** Provided entries **
※
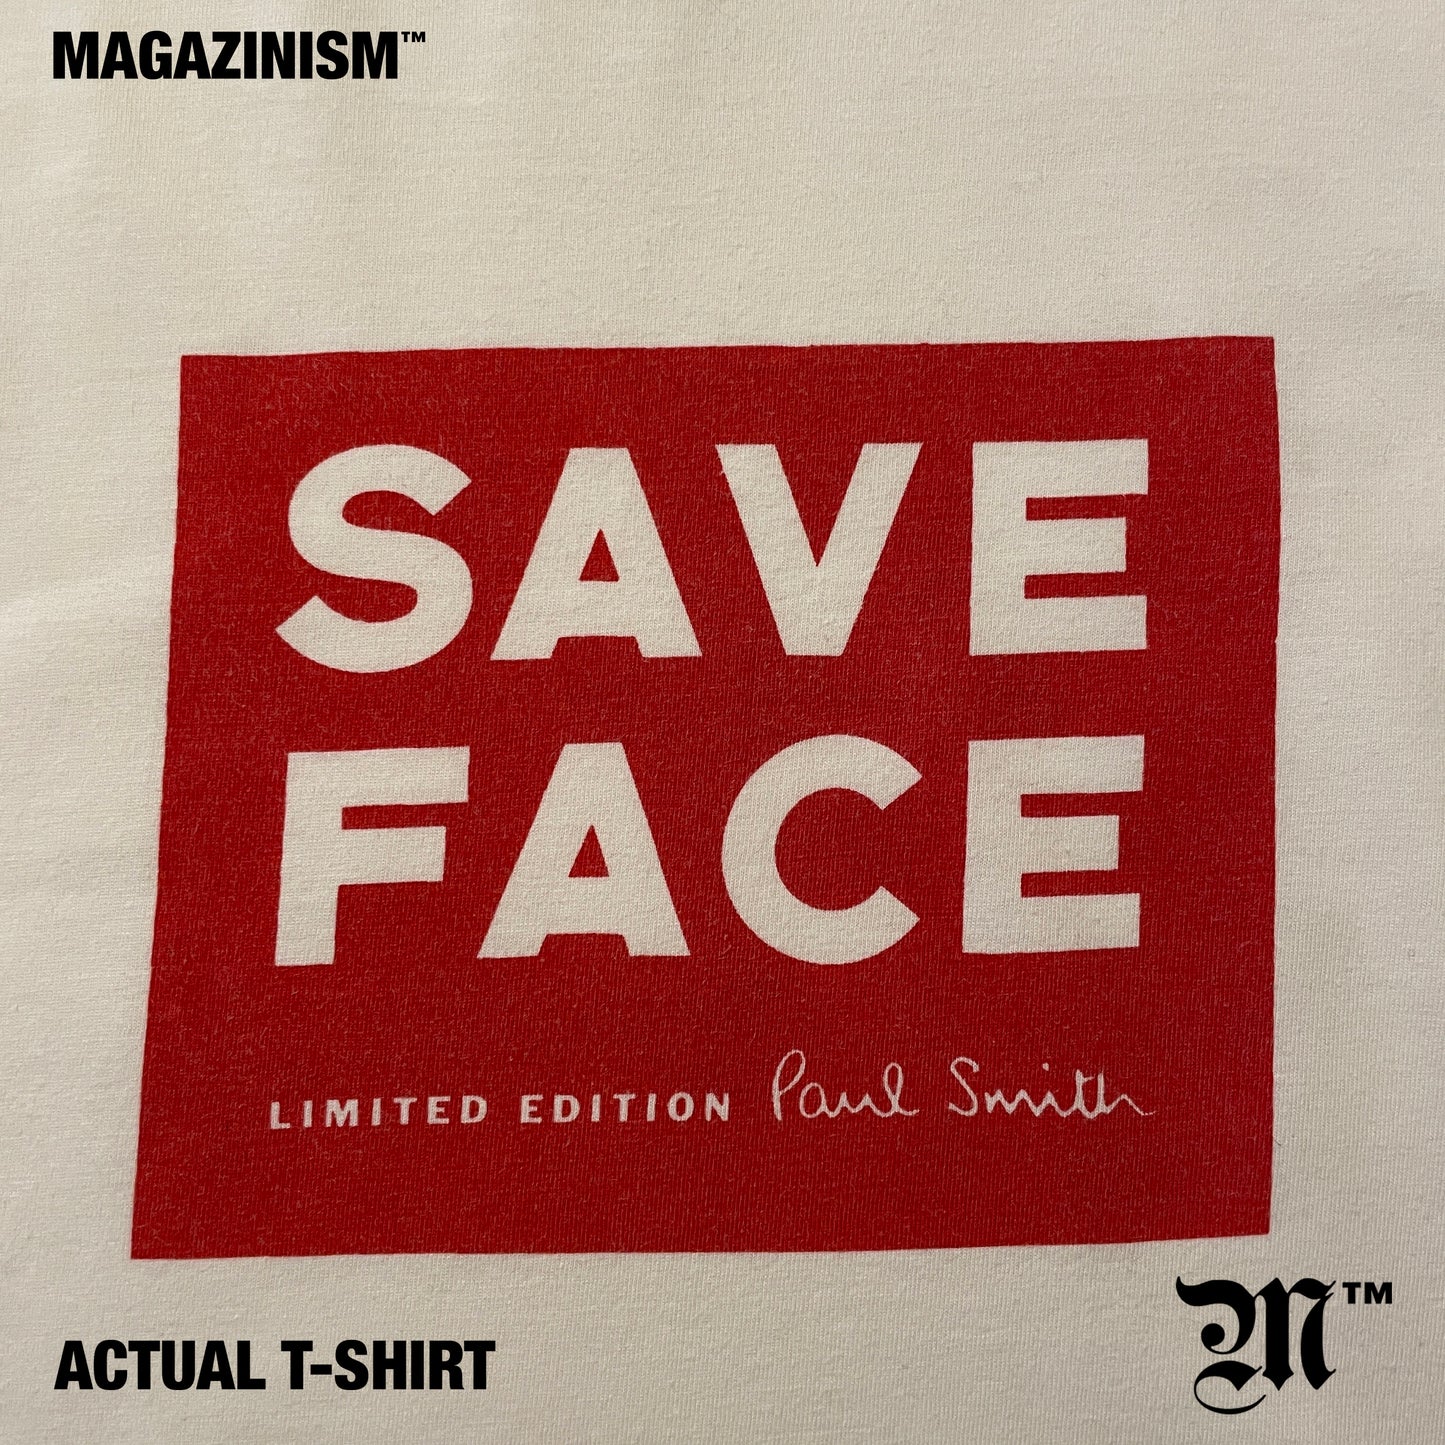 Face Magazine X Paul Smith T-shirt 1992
※
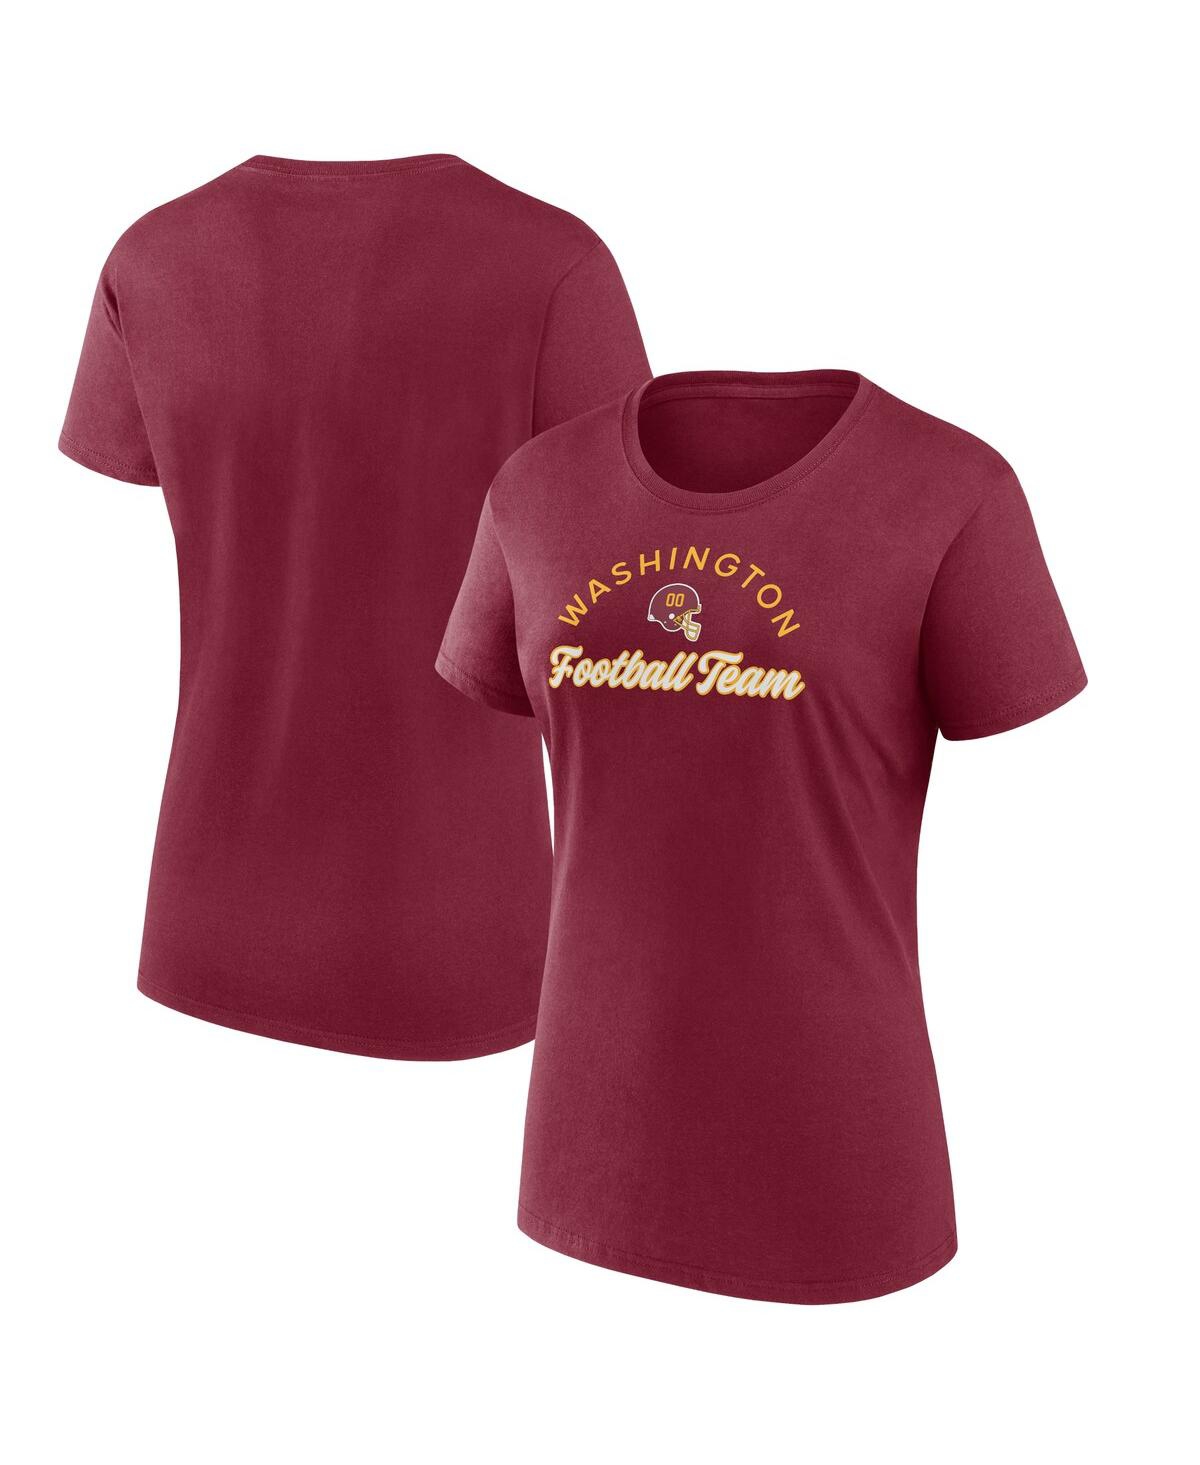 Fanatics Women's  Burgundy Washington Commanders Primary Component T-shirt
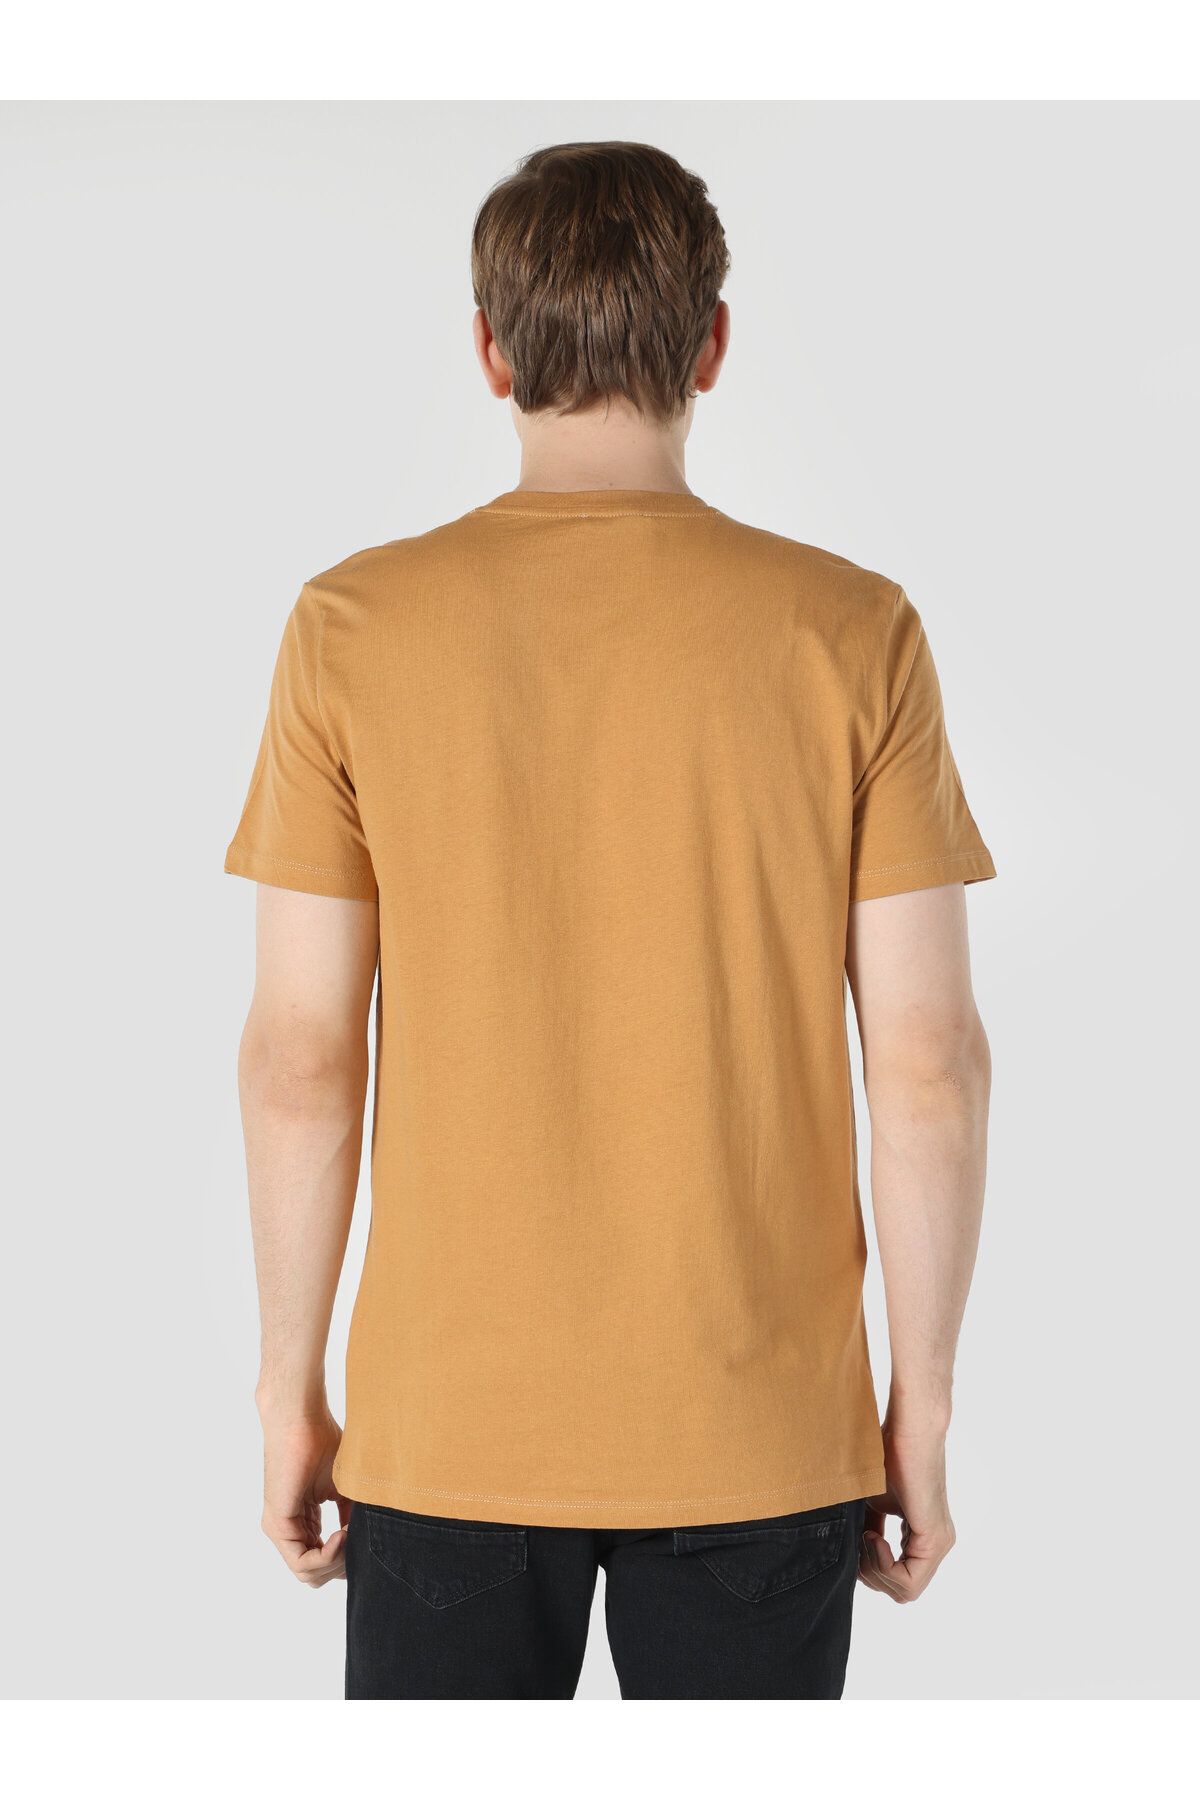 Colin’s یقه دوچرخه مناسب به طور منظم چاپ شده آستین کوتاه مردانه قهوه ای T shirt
※
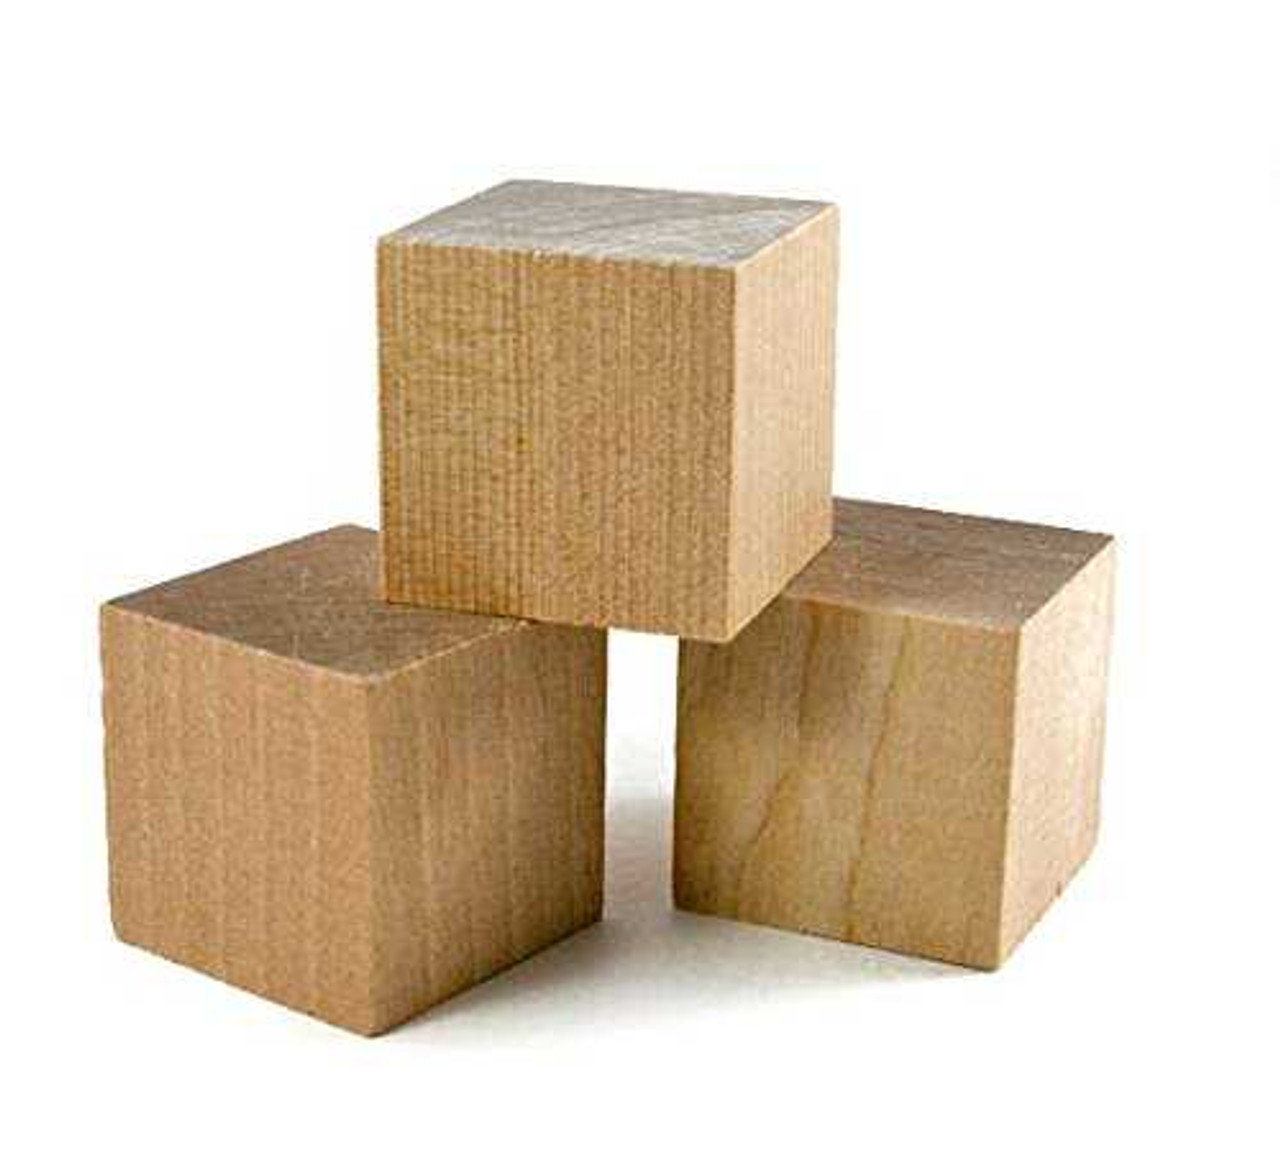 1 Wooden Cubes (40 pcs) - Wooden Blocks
※
** Brief **
The answer is those lines of the material above that run from the one containing "Primary Component T-shirt" up to and including the one containing "Colin’s یقه دوچرخه", restated exactly and without images.

** Result **
 Fanatics Women's  Burgundy Washington Commanders Primary Component T-shirt
 Colin’s یقه دوچرخه مناسب به طور منظم چاپ شده آستین کوتاه مردانه قهوه ای T shirt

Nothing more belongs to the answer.